Kubernetes调度器-Pod分配给节点(node-pod亲和性、固定节点)
1、需求
约束一个Pod只能在特定的 Node(s)上运行,或者优先运行在特定的节点上。有几种方法可以实现这点,推荐的方法都是用标签选择器来进行选择。通常这样的约束不是必须的,因为调度器将自动进行合理的放置(比如,将pod分散到节点上,而不是将pod放置在可以资源不足的节点上等等),但在某些情况下,需要更多控制pod停靠的节点,例如,确保pod最终落在连接了SSD的机器上,或者将来自两个不通的服务且有大量通信的pod放置在同一个可用区。
2、nodeSelector
nodeSelector是节点选择约束的最简单推荐形式。nodeSelector是PodSpec的一个字段。它指定键值对的映射。
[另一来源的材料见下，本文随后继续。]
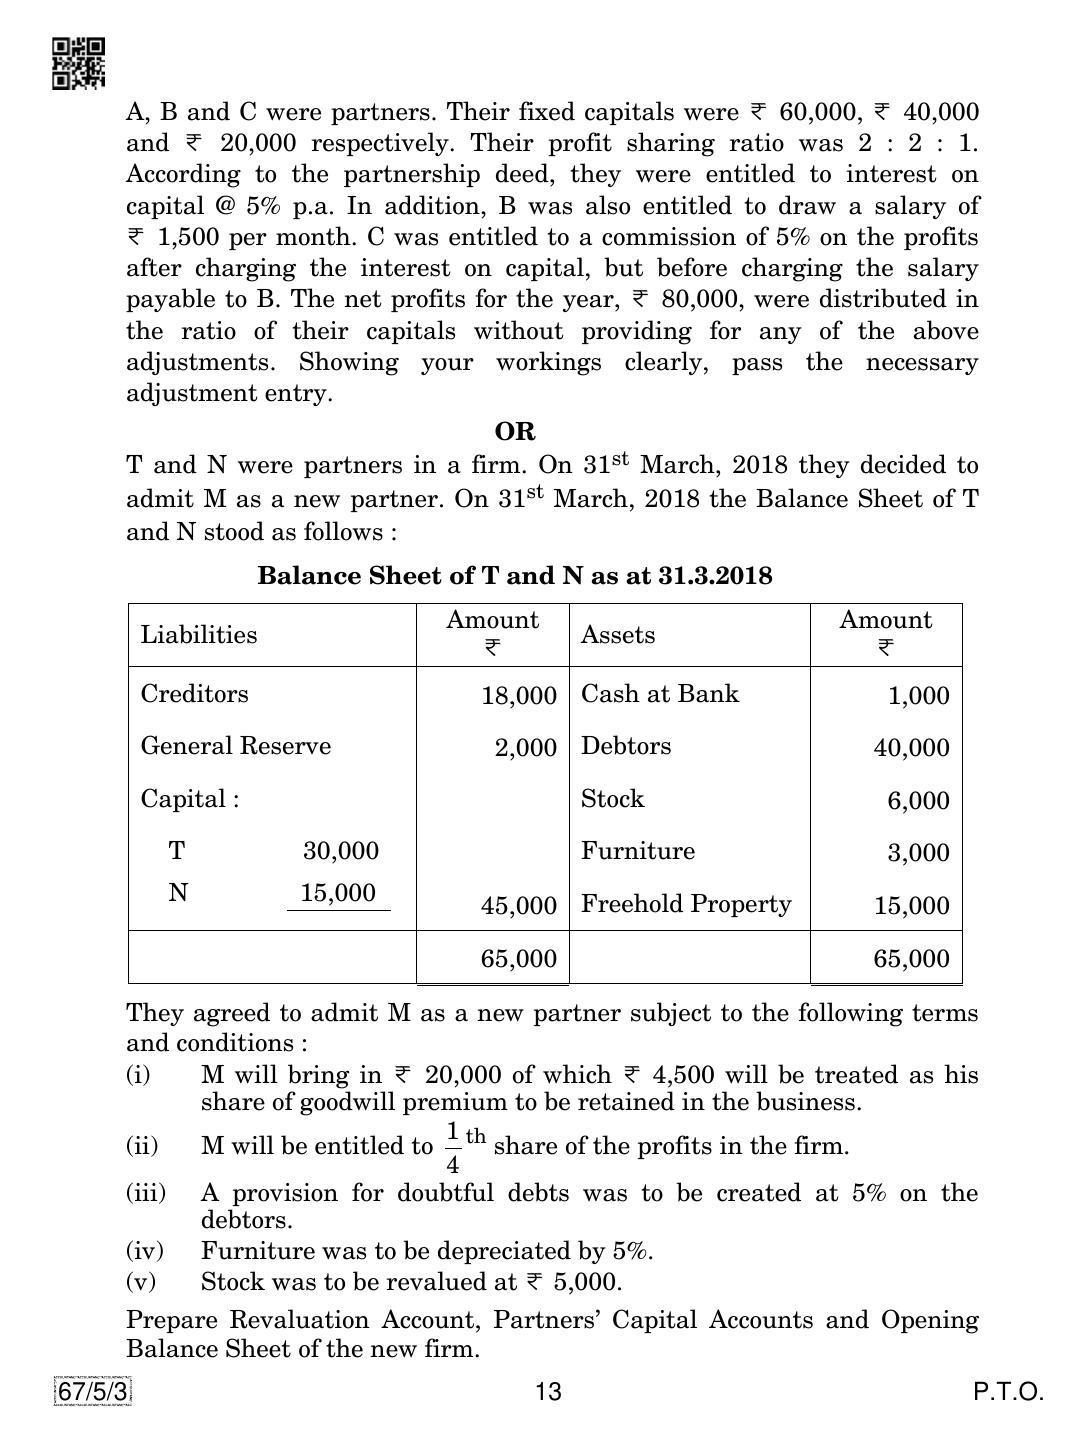 CBSE Class 12 67-5-3 Accountancy 2019 Question Paper - Page 13

为了使pod可以在节点上运行,节点必须具有每个指定的键值对作为标签(它也可以具有其他标签),最常用的是一对键值对。
添加标签到节点
kubectl label nodes <node-name> <label-key>=<label-value> 命令将标签添加到你所选择的节点上
kubectl get nodes --show-labels 查看节点当前具有的标签来
创建pod运行到指定node标签上
[root@k8smaster node]# more nodeselector.yaml
apiVersion: v1
kind: Pod
metadata:
name: nodeselector-pod
spec:
containers:
- name: nodeselector-pod-ctn
image: 192.168.23.100:5000/tomcat:v2
imagePullPolicy: IfNotPresent
restartPolicy: Never
nodeSelector:
disktype: ssd
[root@k8smaster node]# kubectl create -f nodeselector.yaml
pod/nodeselector-pod created
[root@k8smaster node]# kubectl get pods -o wide #由于节点标签不存在导致状态一直是Pending
NAME READY STATUS RESTARTS AGE IP NODE NOMINATED NODE READINESS GATES
nodeselector-pod 0/1 Pending 0 2m26s <none> <none> <none> <none>
[root@k8smaster node]# kubectl describe pod nodeselector-pod
Name: nodeselector-pod
Namespace: default
Priority: 0
Node: <none>
Labels: <none>
Annotations: <none>
Status: Pending
IP:
Containers:
nodeselector-pod-ctn:
Image: 192.168.23.100:5000/tomcat:v2
Port: <none>
Host Port: <none>
Environment: <none>
Mounts:
/var/run/secrets/kubernetes.io/serviceaccount from default-token-vt7pl (ro)
Conditions:
Type Status
PodScheduled False
Volumes:
default-token-vt7pl:
Type: Secret (a volume populated by a Secret)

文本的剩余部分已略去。